We know job openings are at record levels both nationally and here in Oregon.
The question is why are they so high? At the most basic level the answer is consumer demand is strong and firms are trying to get back to pre-COVID staffing to meet that demand. As simple as that sounds, it’s actually pretty unusual. It’s certainly different than the experiences of the past two recessions which were long-lasting, and had a clear lack of demand. It took years for consumers to return and firms to staff up. Today we know incomes are strong and pent-up demand is very real.
Even as that explanation is concise and sufficient to explain what ‘s going on, I can’t stop there. I’ve been trying to figure out how all the other factors today are impacting job openings. I’m using the accommodation and food service industry as an example below to show how some of these things impact the number of job openings, but this really applies to to all industries.
First, there is considerable amounts of churn in leisure and hospitality. Over the course of a year, roughly 60% of jobs are so-called stable jobs. That means the sector sees 40% turnover. That works out to the average business needing to fill one position every 2 months just due to industry churn and keeping total employment steady. You’ll note that the total job openings in 2019 were larger than this, I think in large part because you don’t advertise fractions of a position! (It could be part-time, but you need a whole person to fill it on a part-time basis). Plus the industry was growing, so needed more workers to expand on top of the churn.

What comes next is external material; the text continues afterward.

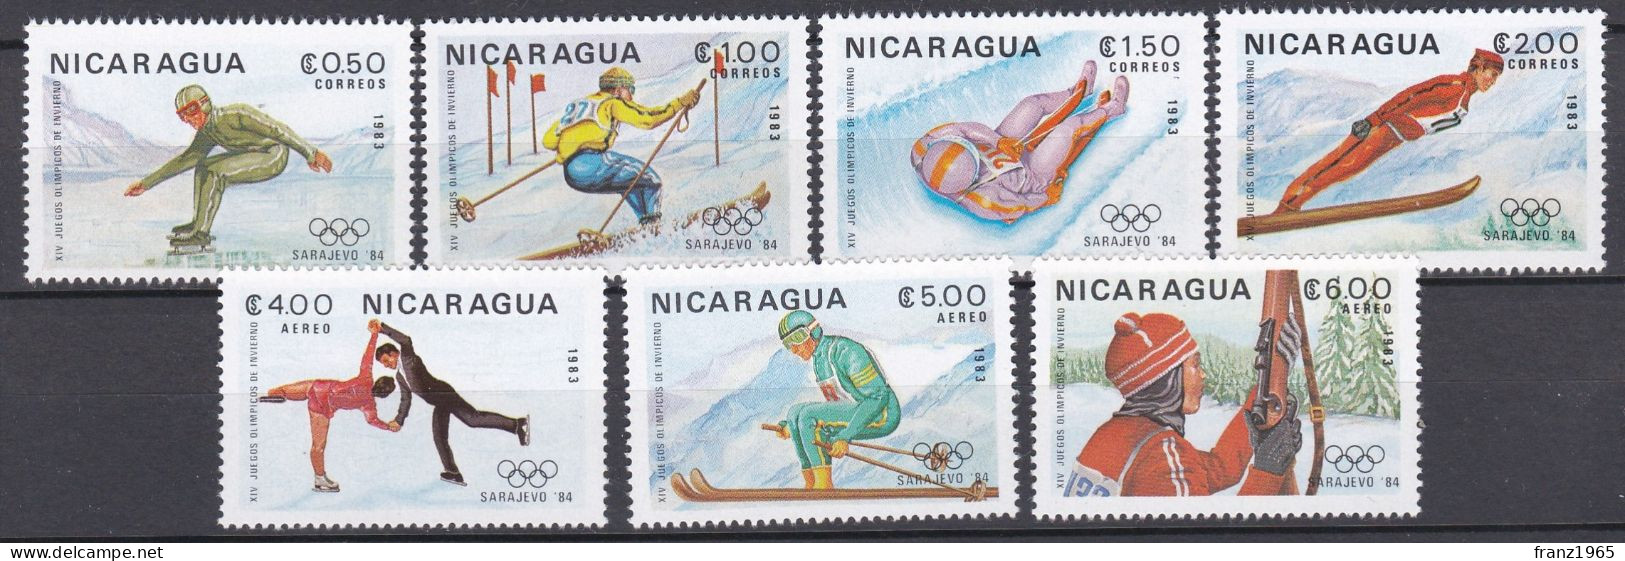 Nicaragua - Olympics Games 1984 - Inverno1984: Sarajevo

Second, that normal churn is harder to fill today. Quits are up as workers take better opportunities with different firms, meaning there are now more open positions to fill. Plus labor supply is lower, meaning the number of people who would normally cycle into one of those vacant positions over the course of the year is lower as well. That increases openings as it takes longer to fill them. Combined these factors increase job openings by about 65% relative to that normal industry churn. That’s a huge number!
Third, there is the overall employment hole that firms are looking to fill and get all the way back to pre-COVID levels, if not higher. This is an even larger number.
Overall you will see that the current number of job openings are roughly in the same ballpark, or in the middle of those last couple of calculations. It’s clearly not a perfect calculation that scales exactly to what the data tell us, but is indicative and has been helpful for me to think through. The good news is consumer demand is there, allowing the overall economy and firms to try and get back to pre-pandemic levels faster than in recent cycles. And while that clearly is happening, it is challenging in a supply-constrained economy.
It will be intriguing to watch the population figures for 2021 to see if all these job openings are attracting more new residents. Every state is looking for workers, so if more are moving here, that means our QOL still attracts them! Too bad the figures are from July 1-Jun 30, as we won’t know until Nov 2022 what the impact was!